In a year of change for economies and financial markets, investors may need to adjust their strategy to better position their portfolios for 2017.

With 2017 setting up as a year of transition — in economic growth, inflation and financial markets — investors may find that strategies that proved effective in recent years may be less fruitful going forward. BlackRock Chief Investment Strategist Richard Turnill reviews three big themes poised to shape markets in 2017, along with action items worthy of investor consideration.

1. Reflation is taking root

Signs of reflation — rising nominal growth, wages and inflation — are popping up everywhere.

In the U.S., a tighter labor market is pushing up average hourly earnings at the fastest pace since 2009, and the prices of more than half the goods in the U.S. Consumer Price Index (CPI) are rising at an above-average pace for the first time since 2008.

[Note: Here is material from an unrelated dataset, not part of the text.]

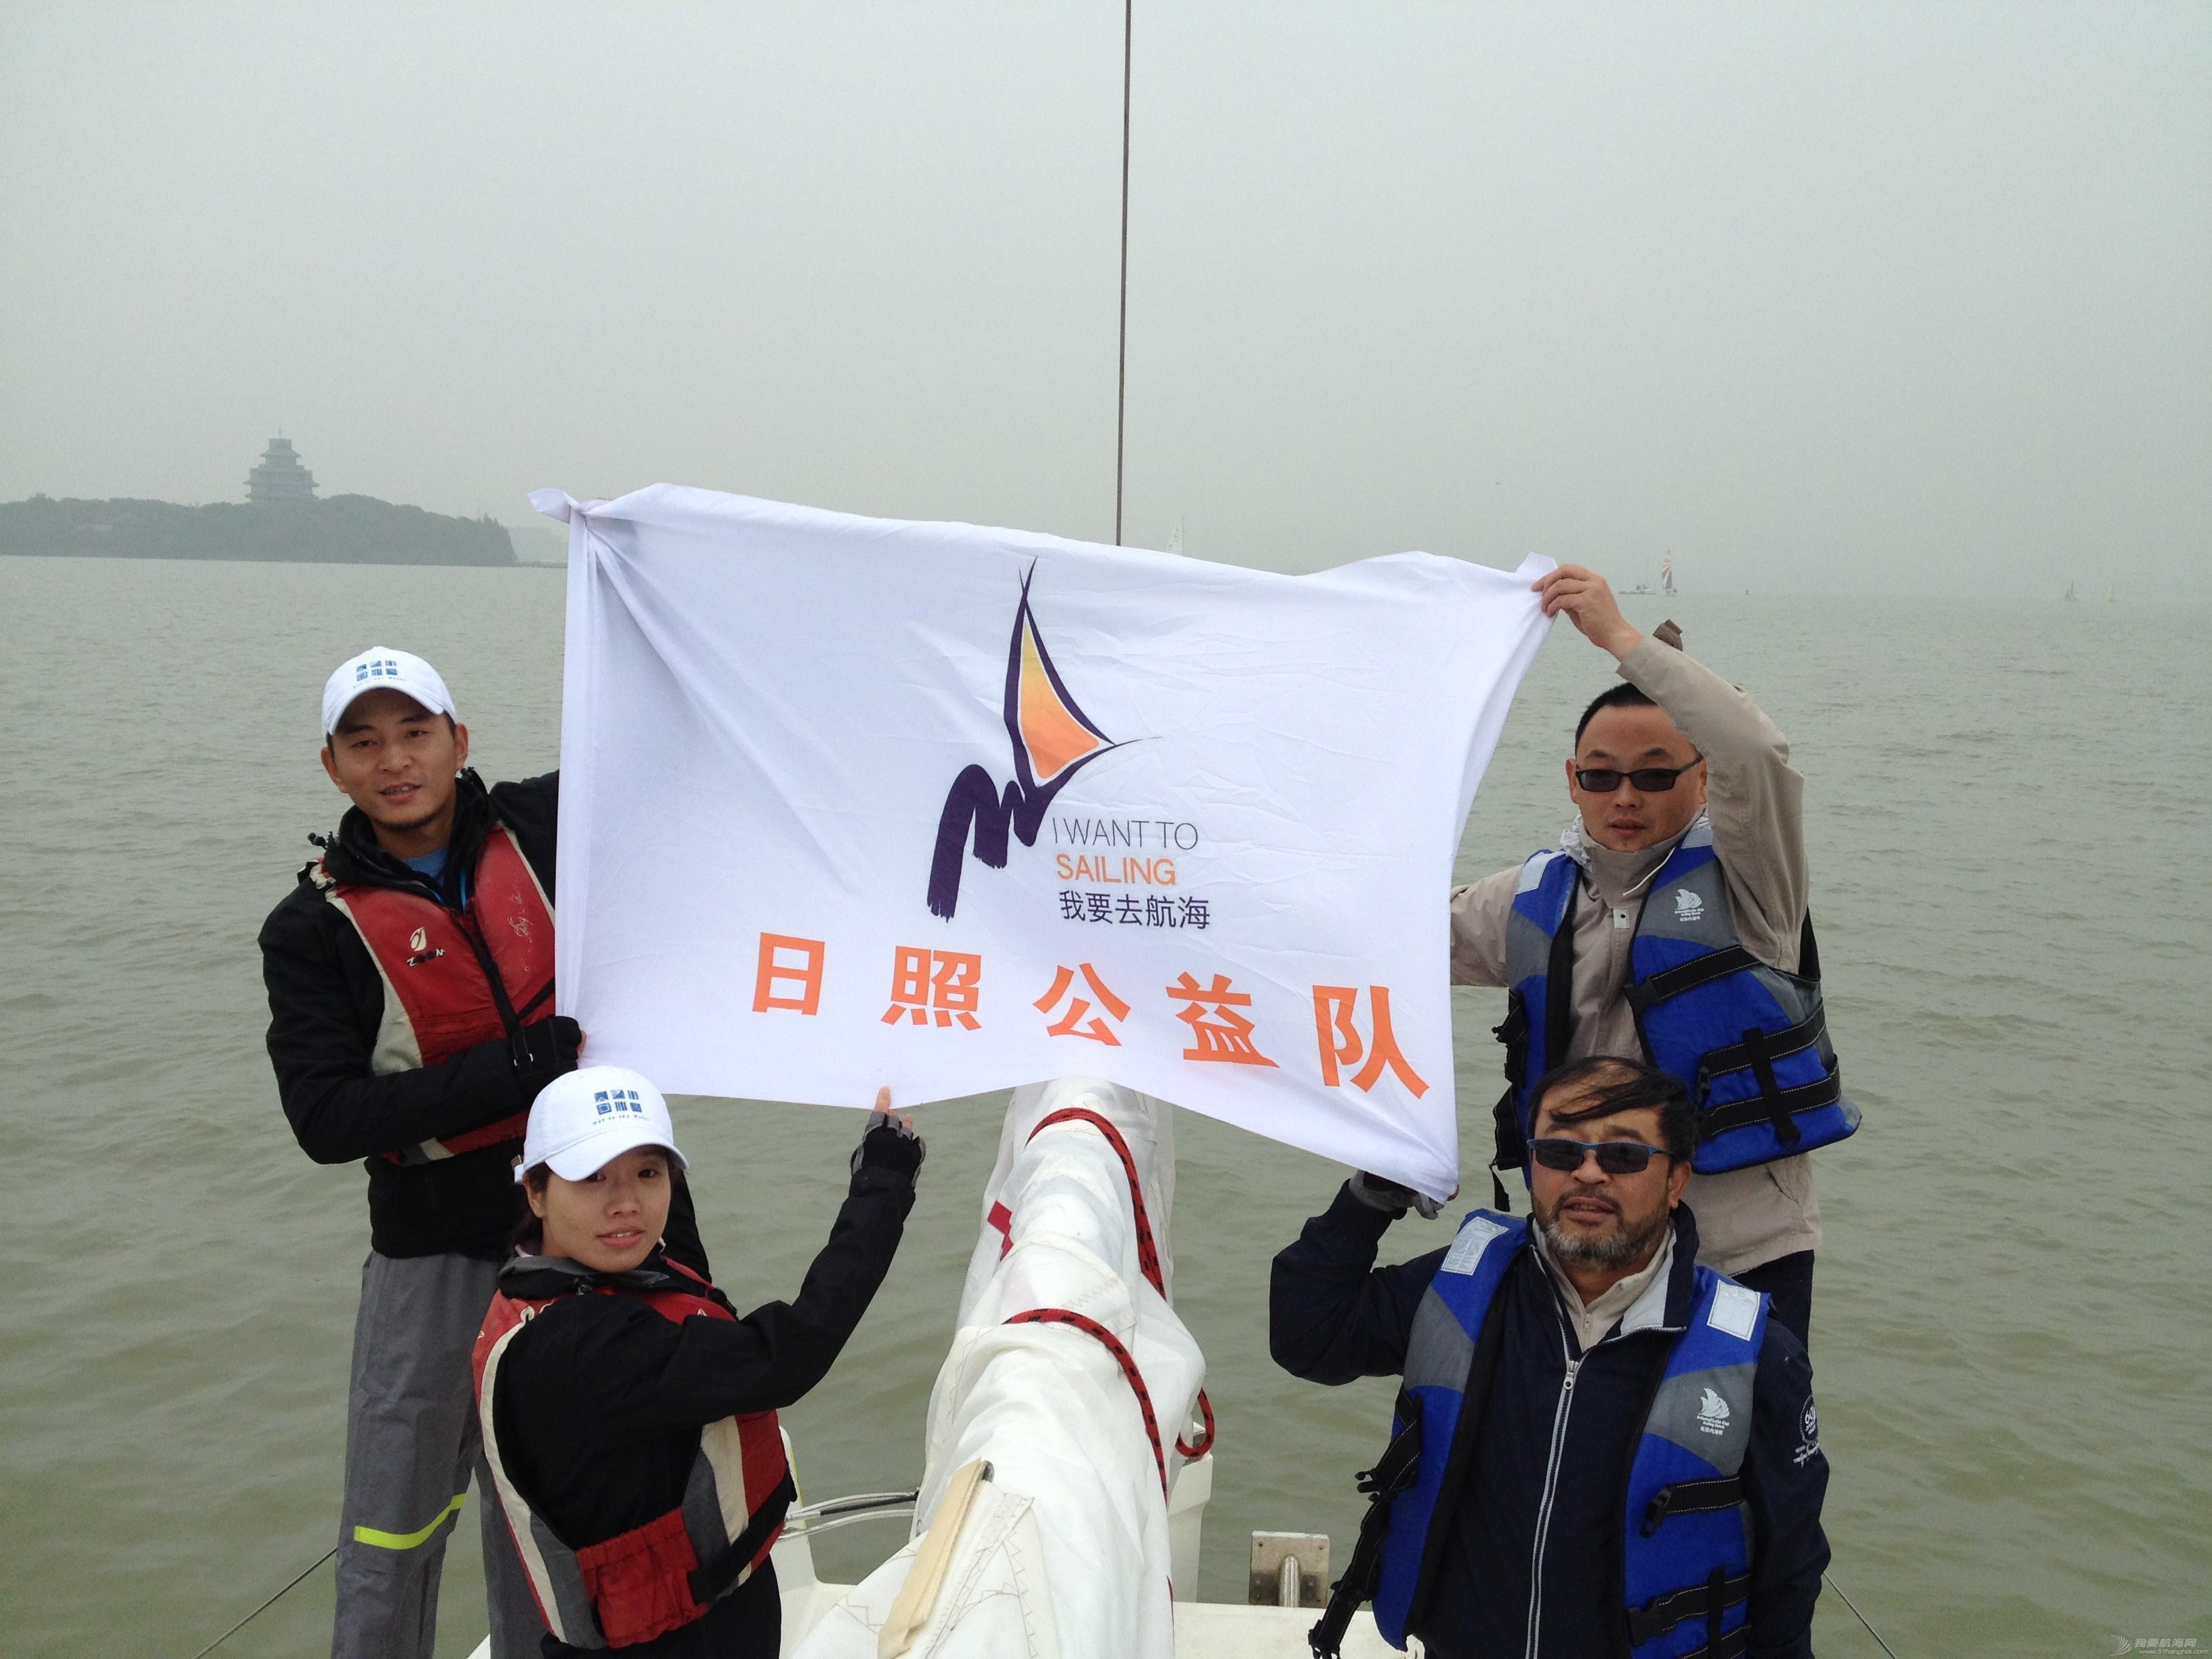 金鸡,苏州 苏州金鸡湖帆船赛-我的处女赛 IMG_2958.JPG

Europe and Japan are seeing reflation take root as well, but are in earlier stages relative to the U.S. Overall, we see the global expansion becoming more synchronized and self-reinforcing, with China and emerging markets also experiencing a growth pickup.

We expect global reflation to continue playing out in 2017, remaining a key theme for how investors position their portfolios.

Investor action items

A reflationary environment favors stocks over bonds, and we are optimistic about further upward revisions to earnings estimates. We see this theme bestowing more positive surprises outside the U.S., where stock markets have yet to fully acknowledge the potential benefits of reflation.

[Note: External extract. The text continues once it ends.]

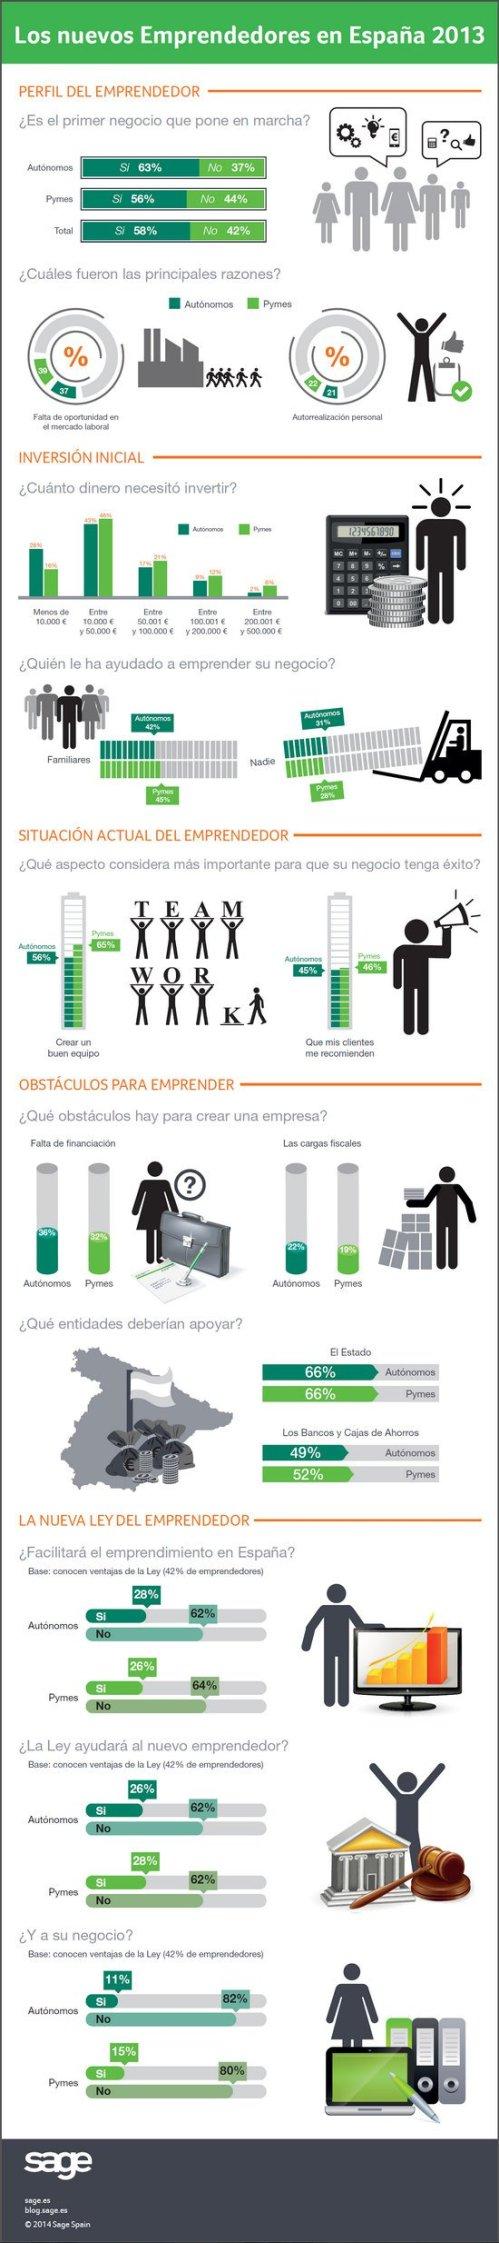 infografc3ada-los-nuevos-emprendedores-en-espac3b1a

Bond markets have had to recalibrate to accommodate higher inflation expectations and an improving economic outlook. The upshot has been steepening yield curves, a risk for holders of long-dated bonds. Investors may need to adjust their focus:

  • Turn to TIPS. Replacing nominal Treasuries with Treasury Inflation Protected Securities (TIPS) can help blunt the blow of higher inflation.
  • Shorten duration. Shorter-maturity bonds stand to better weather an uptick in interest rates.
  • Get flexible. Fixed income strategies with the flexibility to tactically adjust duration and capitalize on yield curve shifts may offer an advantage.

When interest rates rise, bond portfolio principal is at risk

When interest rates rise, bond portfolio principal is at risk

2. Look out for low returns

Notwithstanding the prevailing reflationary trend, potential economic growth rates — the natural speed limit of economies — have headed lower and lower in recent decades. This can be attributed to many factors, including aging populations globally, weak productivity growth and excess savings. All of these serve to keep a lid on global growth potential, as well as the extent to which rates can rise.

Still-low rates and a relatively subdued economic growth trend take a toll on prospective asset returns. Consider also that valuations are already high across assets, limiting their appreciation potential.

Investor action items

To enhance growth potential in a low-return world, U.S. investors might consider owning more non-U.S. equities, including emerging markets (EMs).

Select EMs present opportunity given higher rates of growth than many developed markets and more attractive stock valuations. Of course, international investing, particularly in EMs, entails increased risk, including the threat of higher volatility. To capture the full gains EM investing can offer, however, it is important to maintain exposure through the full market cycle. For that reason, approaches that aim to mute the swings in EM equities, either through a minimum-volatility strategy or by pairing EM stocks with higher-quality EM bonds, may be more palatable for some investors.

3. Expect greater market differentiation

Under extraordinary monetary easing during the post-crisis years, a rising tide lifted all boats — that is, most assets were able to notch gains. The baton is now being passed from monetary policy to fiscal and regulatory changes as a key market driver. We see this regime favoring some strategies and sectors at the expense of others such that the gap between winners and losers in the market is likely to widen.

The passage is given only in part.